Enhancement occurs where the secondary X-rays emitted by a heavier element are sufficiently energetic to stimulate additional secondary emission from a lighter element. This phenomenon can also be modelled, and corrections can be made provided that the full matrix composition can be deduced.

Sample macroscopic effects consist of effects of inhomogeneities of the sample, and unrepresentative conditions at its surface. Samples are ideally homogeneous and isotropic, but they often deviate from this ideal. Mixtures of multiple crystalline components in mineral powders can result in absorption effects that deviate from those calculable from theory. When a powder is pressed into a tablet, the finer minerals concentrate at the surface. Spherical grains tend to migrate to the surface more than do angular grains. In machined metals, the softer components of an alloy tend to smear across the surface. Considerable care and ingenuity are required to minimize these effects. Because they are artifacts of the method of sample preparation, these effects can not be compensated by theoretical corrections, and must be "calibrated in". This means that the calibration materials and the unknowns must be compositionally and mechanically similar, and a given calibration is applicable only to a limited range of materials. Glasses most closely approach the ideal of homogeneity and isotropy, and for accurate work, minerals are usually prepared by dissolving them in a borate glass, and casting them into a flat disc or "bead". Prepared in this form, a virtually universal calibration is applicable. 
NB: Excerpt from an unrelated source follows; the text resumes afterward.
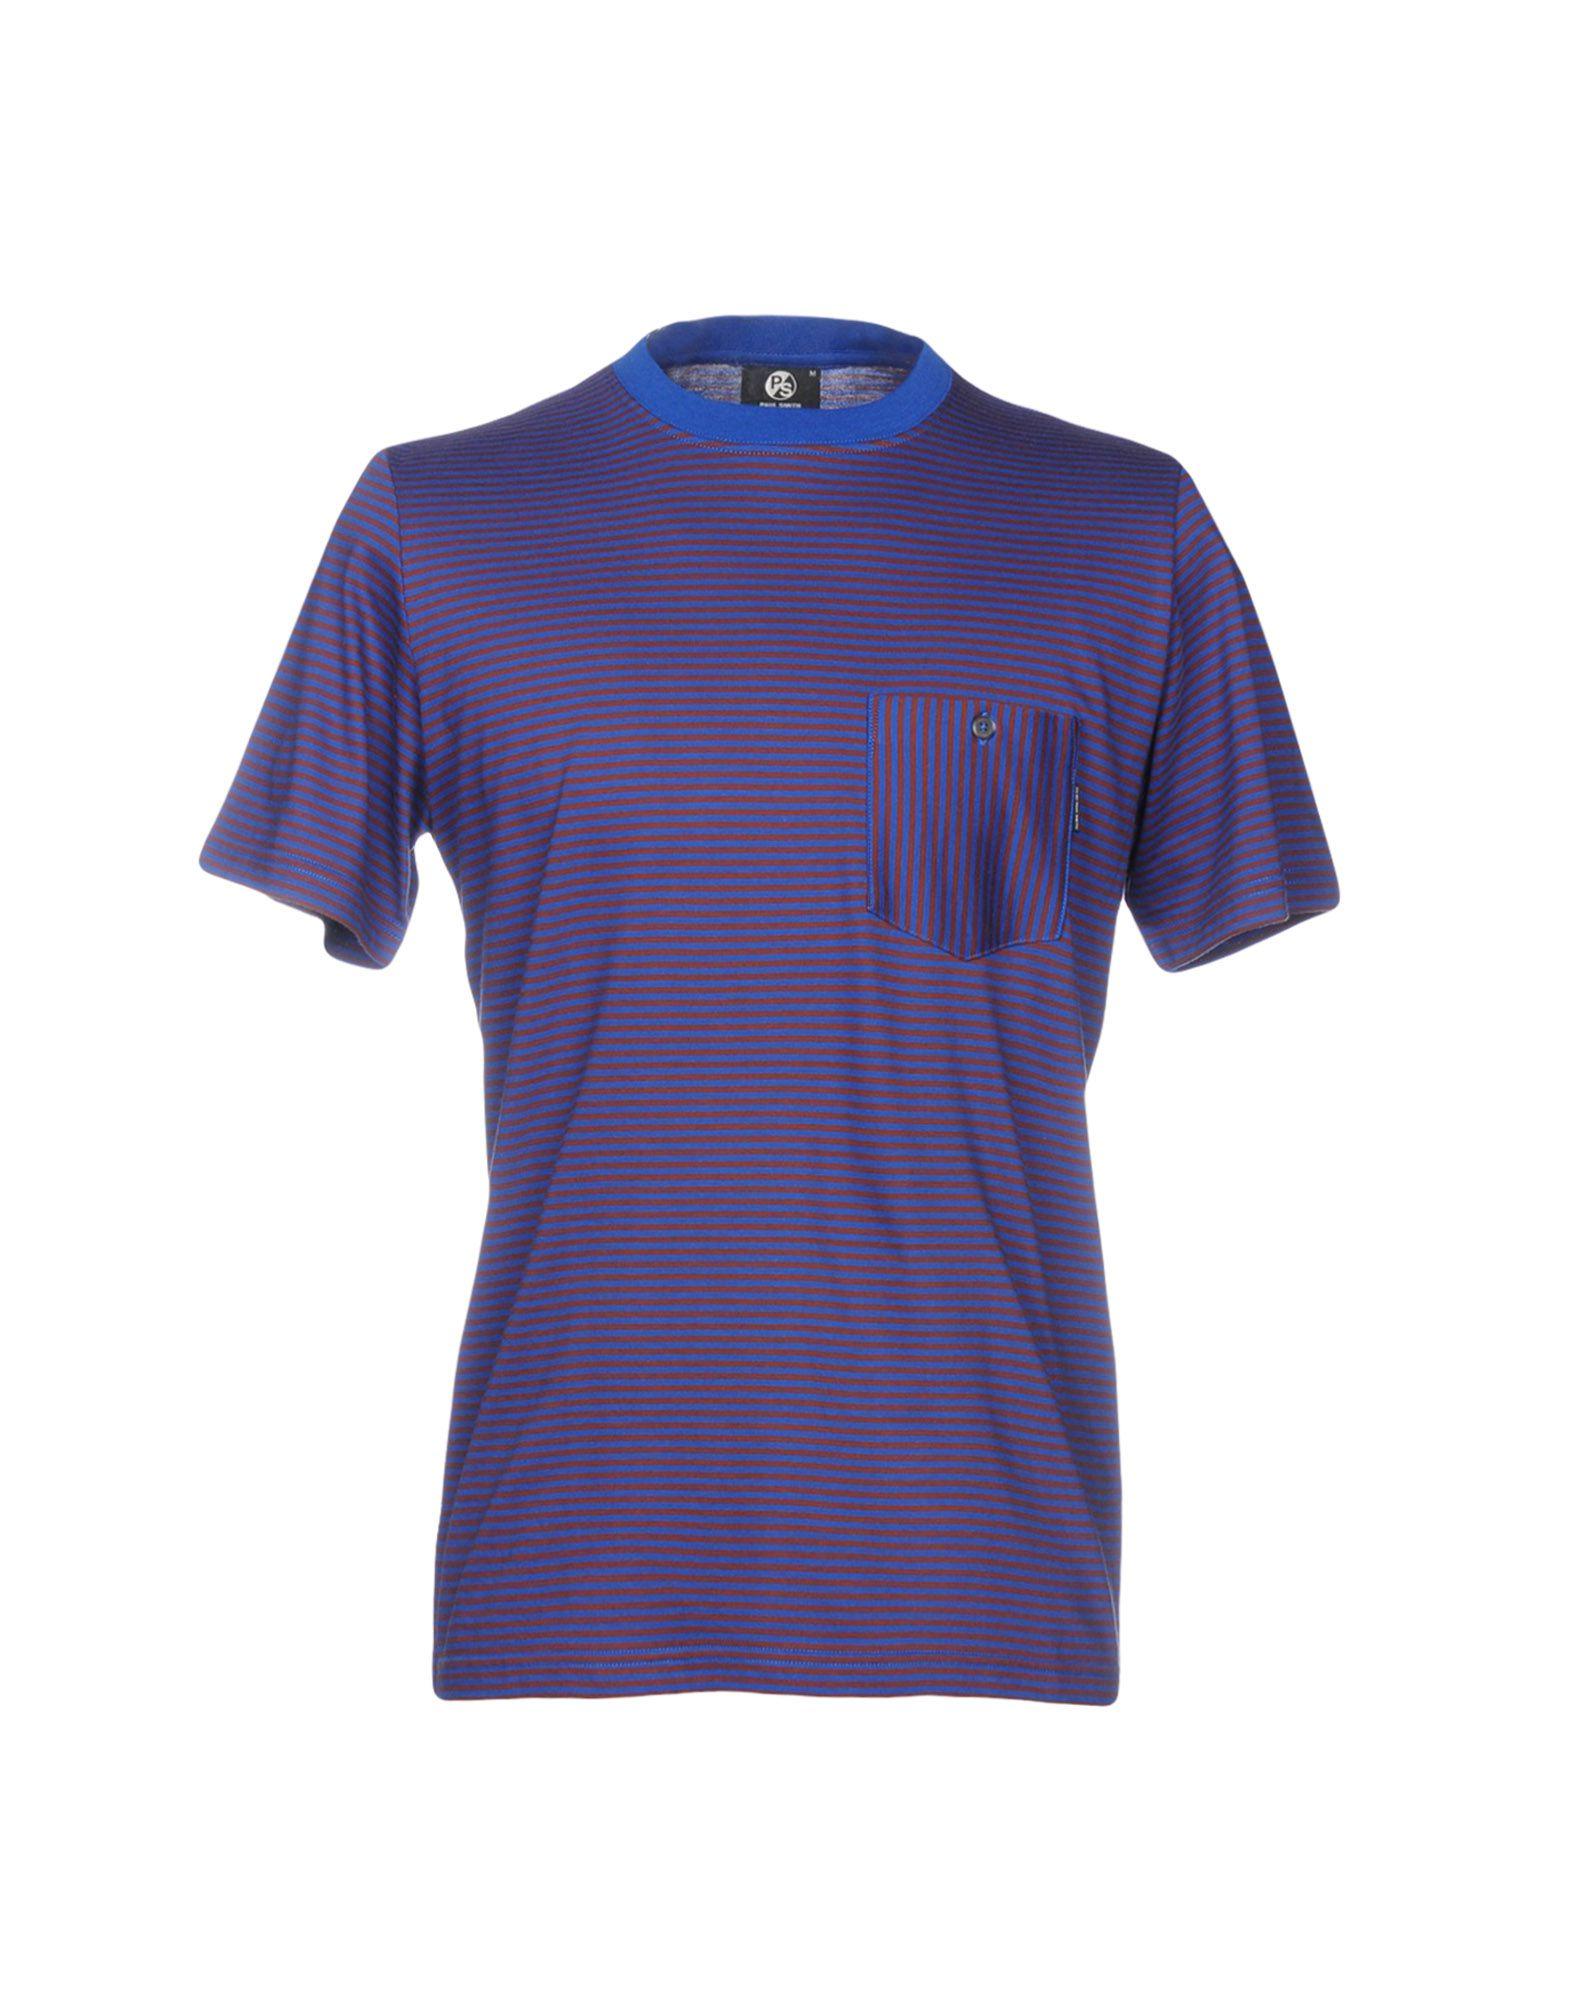 T-Shirt Paul Uomo Smith Uomo Paul - 12192921QK 9e4341

Further corrections that are often employed include background correction and line overlap correction. The background signal in an XRF spectrum derives primarily from scattering of primary beam photons by the sample surface. Scattering varies with the sample mass absorption, being greatest when mean atomic number is low. When measuring trace amounts of an element, or when measuring on a variable light matrix, background correction becomes necessary. This is really only feasible on a sequential spectrometer. Line overlap is a common problem, bearing in mind that the spectrum of a complex mineral can contain several hundred measurable lines. Sometimes it can be overcome by measuring a less-intense, but overlap-free line, but in certain instances a correction is inevitable. For instance, the Kα is the only usable line for measuring sodium, and it overlaps the zinc Lβ (L₂-M₄) line. Thus zinc, if present, must be analysed in order to properly correct the sodium value.

Other spectroscopic methods using the same principle

It is also possible to create a characteristic secondary X-ray emission using other incident radiation to excite the sample:

• Electron beam: electron microprobe;
• Ion beam: particle induced X-ray emission (PIXE).
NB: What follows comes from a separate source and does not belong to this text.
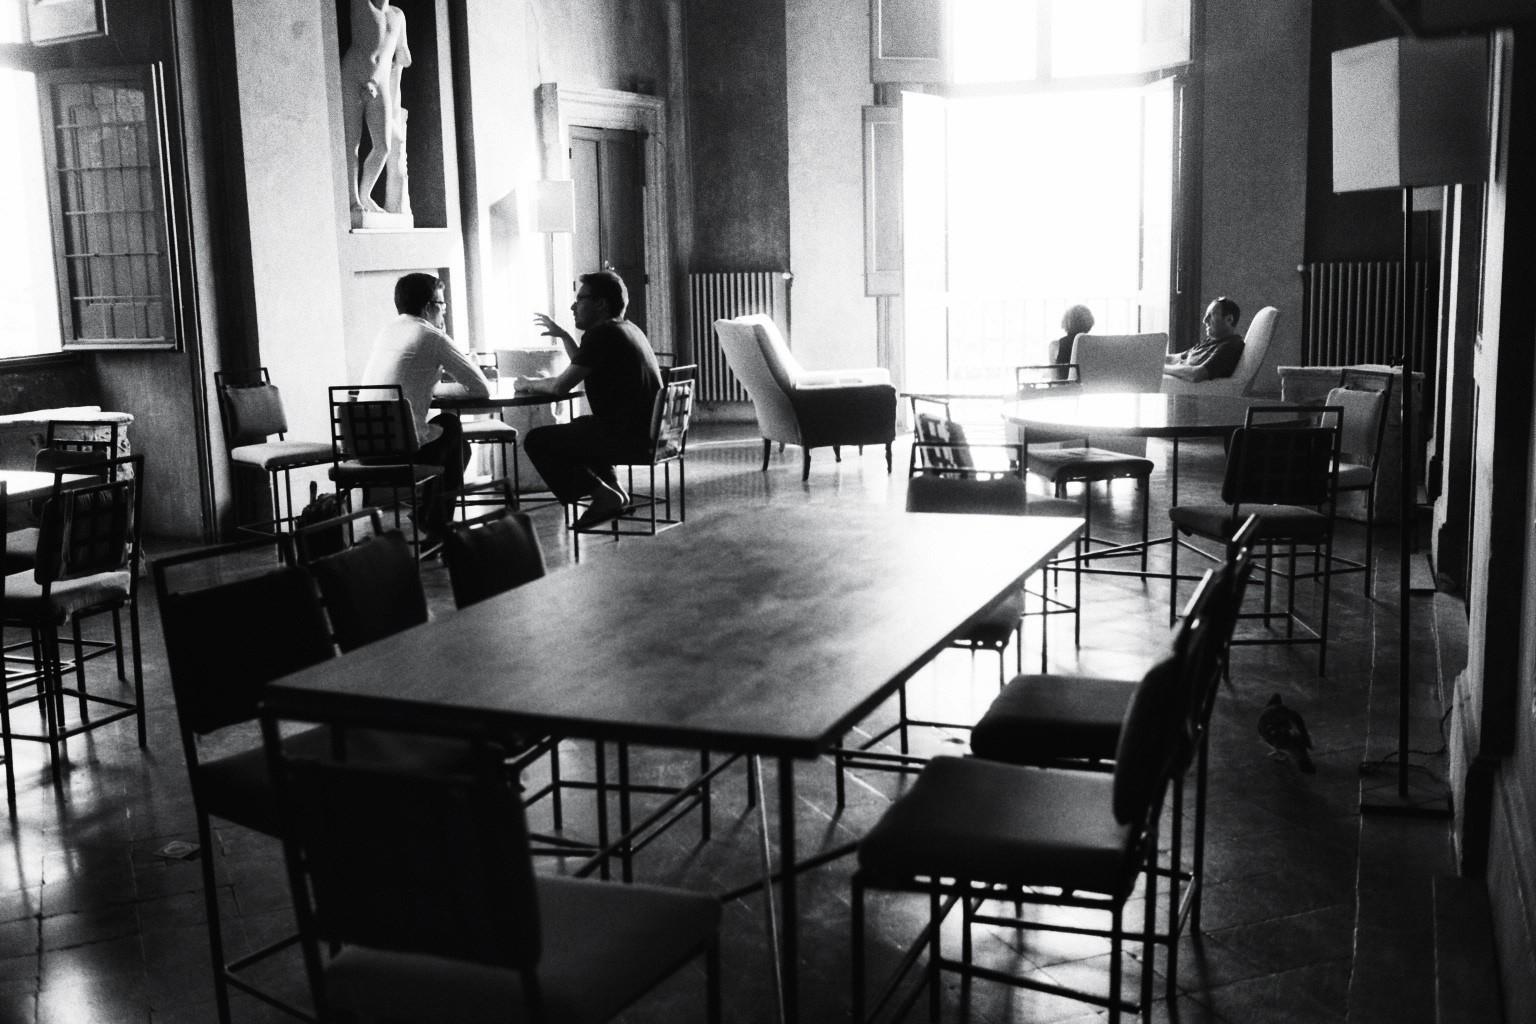 Le salon de thé de la villa de Medicis

When radiated by an X-ray beam, the sample also emits other radiations that can be used for analysis:

• Electrons ejected by the photoelectric effect: X-ray photoelectron spectroscopy (XPS), also called electron spectroscopy for chemical analysis (ESCA)

The de-excitation also ejects Auger electrons, but Auger electron spectroscopy (AES) normally uses an electron beam as the probe. 
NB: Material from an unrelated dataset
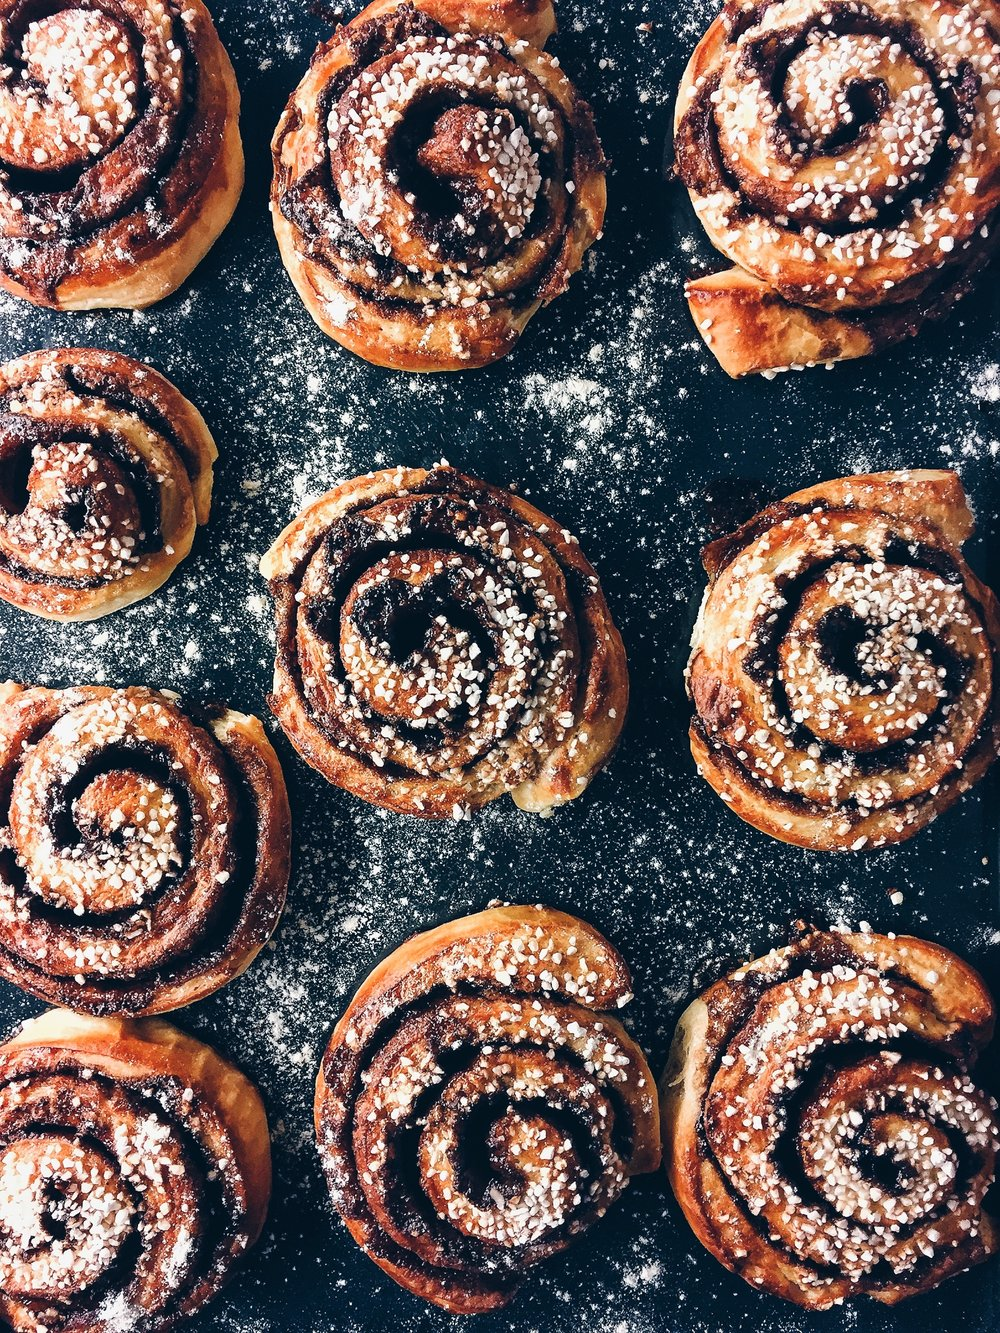 pekrana-nostress-bakery-manifesto-market-prague-2.JPG

Confocal microscopy X-ray fluorescence imaging is a newer technique that allows control over depth, in addition to horizontal and vertical aiming, for example, when analysing buried layers in a painting.

Instrument qualification

A 2001 review, addresses the application of portable instrumentation from QA/QC perspectives. It provides a guide to the development of a set of SOPs if regulatory compliance guidelines are not available.